2	ARIMA (Dom et al. 2013)	Dengue (Subang Jaya, Malaysia)	Dengue incidence and climate variables.	ARIMA(2,0,0)(0,0,01)₅₂ was the best model with weekly variations. It could predict efficiently 4 weeks ahead. Performance of the model increased when climate variables included as external regressors.
3	Univariate SARIMA (Moosazadeh et al. 2014)	Tuberculosis (Iran)	Tuberculosis cases (monthly) per 100,000 population.	An average of 756.8(SD = 11.9) cases of Tuberculosis detected per month. Among four models, SARIMA (0,1,1)(0,1,1)₁₂ showed lowest AIC (12.78). This model predicted 16.75 cases per 100,000 people in 2014.
4	ARIMA (Wang et al. 2017)	Influenza (Ningbo, China)	Cases of Influenza-like-Illness, climate variables.	ARIMA(1,1,1)(1,1,0)₁₂was the best model fitting existing data Influenza rates in Ningbo were found to peak twice a year correlated to rains/cold

A systematic review of studies using Box-Jenkins methods in epidemiology

As seen from the studies for most diseases, climate variables were important in seasonal trends of the disease distribution. Both ARIMA and SARIMA are used for prediction of disease incidents and outcomes. However, SARIMA is more advantageous in case of inherent seasonal trends of a disease. This is because it yields more accurate prediction rates.

Models based on probabilistic models

No.	Forecasting model	Disease and geographical region	Variables studied	Results
1	Multi-step Polynomial Transformation (Chatterjee & Sarkar 2009)	Malaria (Chennai, India)	Slide Positive Rates (SPR) value, P.vivax deaths, temperature, humidity, rainfall.	High prediction power of model in predicting slide positivity rates and P.vivax deaths. Climate variables, disease incidence at zonal levels both influence prediction. Long term forecasting is efficient.
2	Multivariate Time Series model based on Monte Carlo simulations (Held et al. 2017)	Norovirus Gastroenteritis (Berlin, Germany)	Weekly counts of infection, Age, District.	The best model fitted included age-structured data with social contact data. Model 4 shows best final size, long term prediction curve.
3	Markov model along with Monte Carlo simulation (Rein et al. 2011)	Hepatitis C (USA)	Demographic data, Prevalence estimates of Full range of Hepatitis C disease state.	Estimated death due to HCV higher than reported deaths by 12.7%. According to forecast, HCV cases will peak between 2030-2035 and decline after 2060. End-stage liver disease cases at 38,600 in 2030.

No.

Forecasting model

Disease and geographical region

Variables studied

Results

Multi-step Polynomial Transformation (Chatterjee & Sarkar 2009)

Malaria (Chennai, India)

Slide Positive Rates (SPR) value, P.vivax deaths, temperature, humidity, rainfall.

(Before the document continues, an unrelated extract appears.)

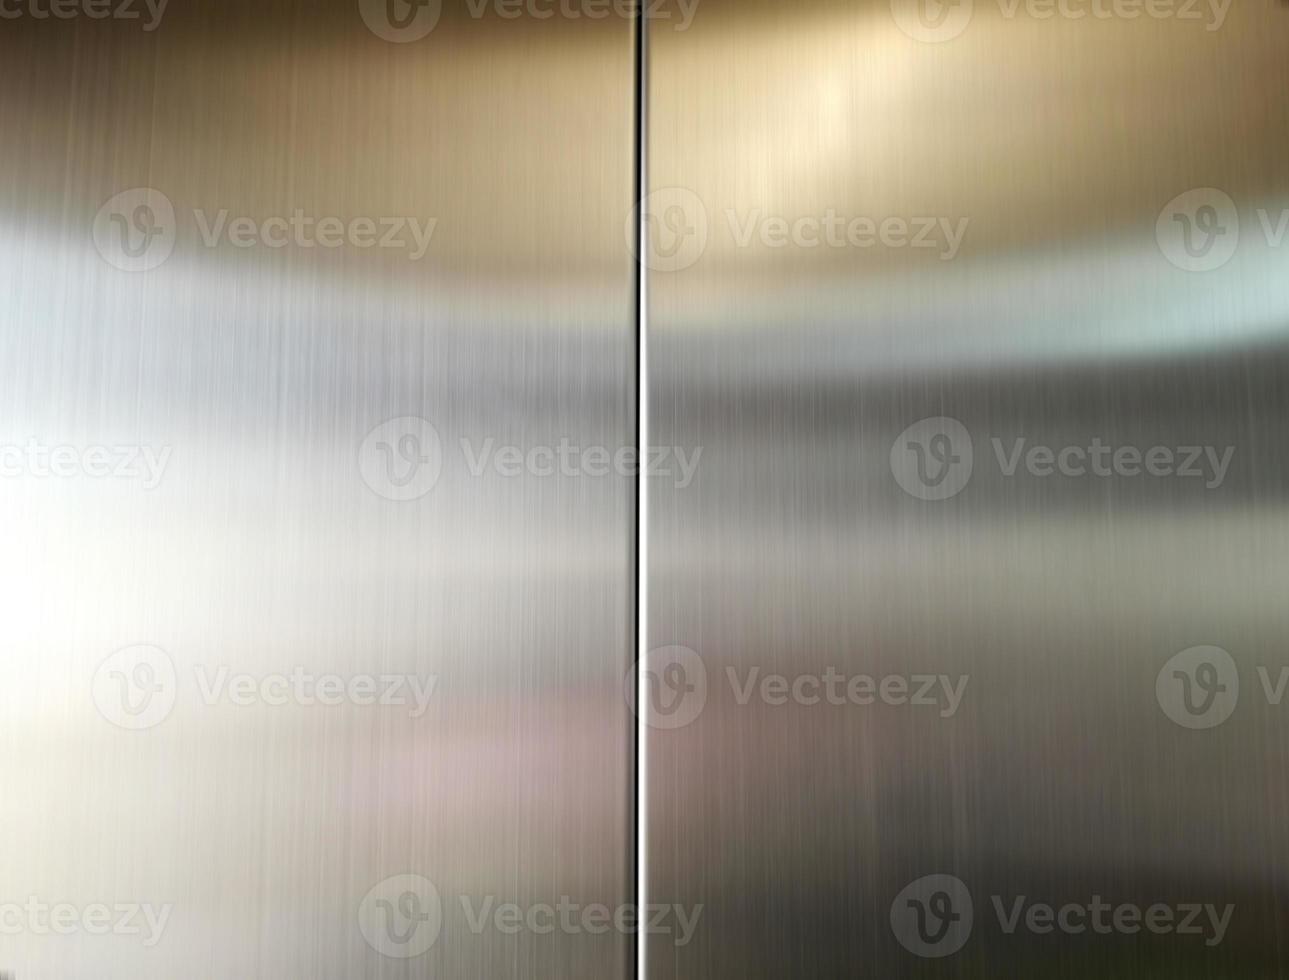 hoja grande de acero inoxidable con luz golpeando la superficie para el fondo, dentro del ascensor de pasajeros, reflejo de la luz en una textura de metal brillante, fondo de acero inoxidable. foto

High prediction power of model in predicting slide positivity rates and P.vivax deaths.

Climate variables, disease incidence at zonal levels both influence prediction.

Long term forecasting is efficient.

Multivariate Time Series model based on Monte Carlo simulations (Held et al. 2017)

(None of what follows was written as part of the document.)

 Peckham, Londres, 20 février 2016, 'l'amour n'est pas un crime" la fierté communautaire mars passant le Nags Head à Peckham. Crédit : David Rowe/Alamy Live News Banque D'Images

Norovirus Gastroenteritis (Berlin, Germany)

Weekly counts of infection, Age, District.

The best model fitted included age-structured data with social contact data.

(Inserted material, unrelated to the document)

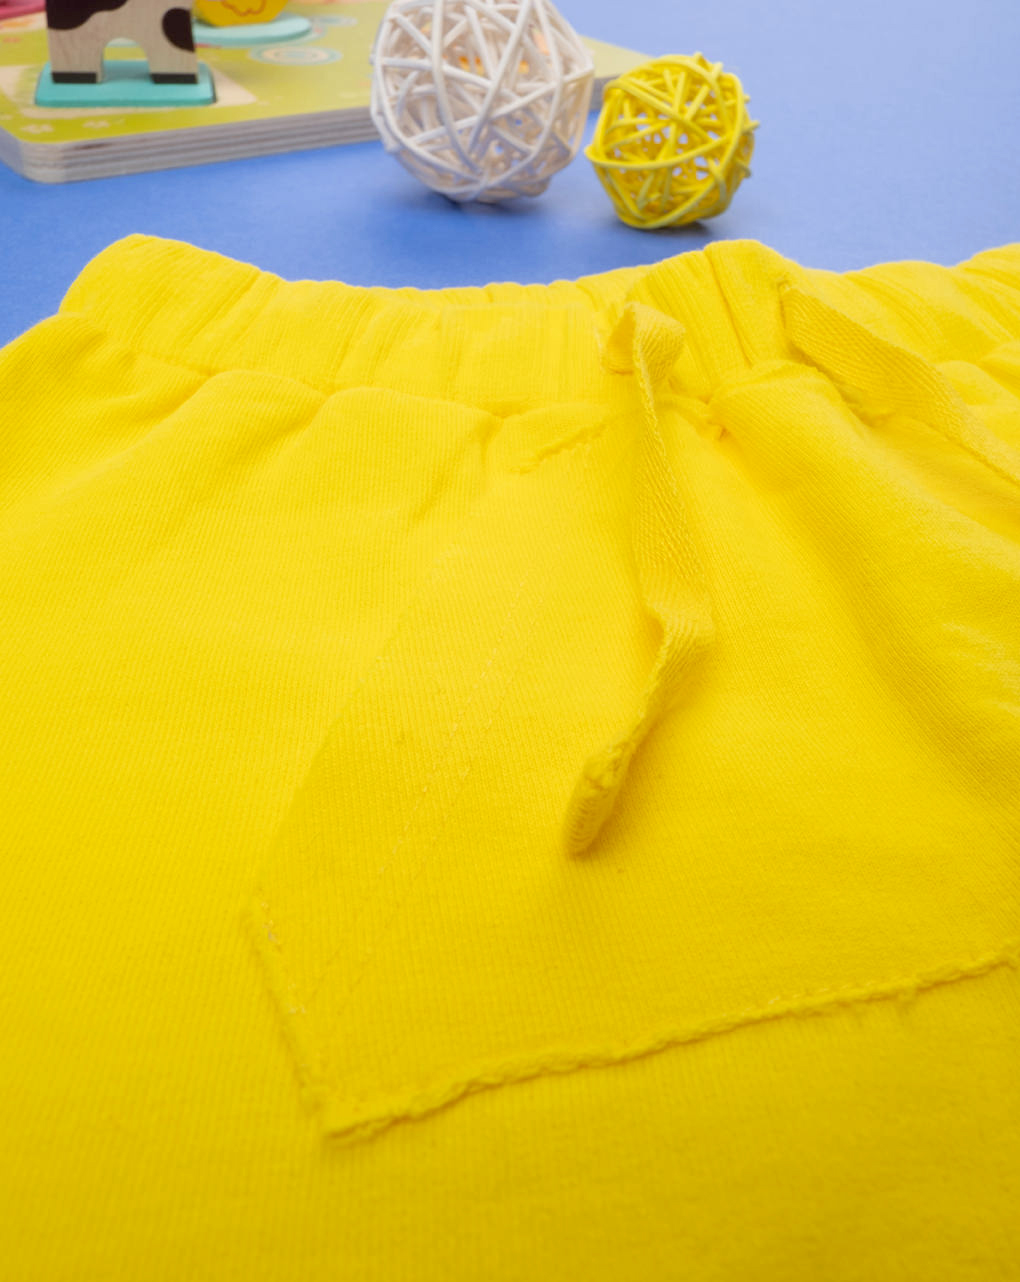 Pantalones cortos amarillos de niño - Prénatal

Model 4 shows best final size, long term prediction curve.

Markov model along with Monte Carlo simulation (Rein et al. 2011)

Hepatitis C (USA)

Demographic data, Prevalence estimates of Full range of Hepatitis C disease state.

Estimated death due to HCV higher than reported deaths by 12.7%.

According to forecast, HCV cases will peak between 2030-2035 and decline after 2060.

End-stage liver disease cases at 38,600 in 2030.

A systematic review of studies using probabilistic models in epidemiology

Probabilistic models are useful in disease prediction in situations of limited data or hidden relationships. In the data forecast values should have attached uncertainty (Held et al. 2017). Furthermore, probabilistic models help address the inherent difficulty in estimating disease epidemics. This is because probability rates are attached to the final predicted values.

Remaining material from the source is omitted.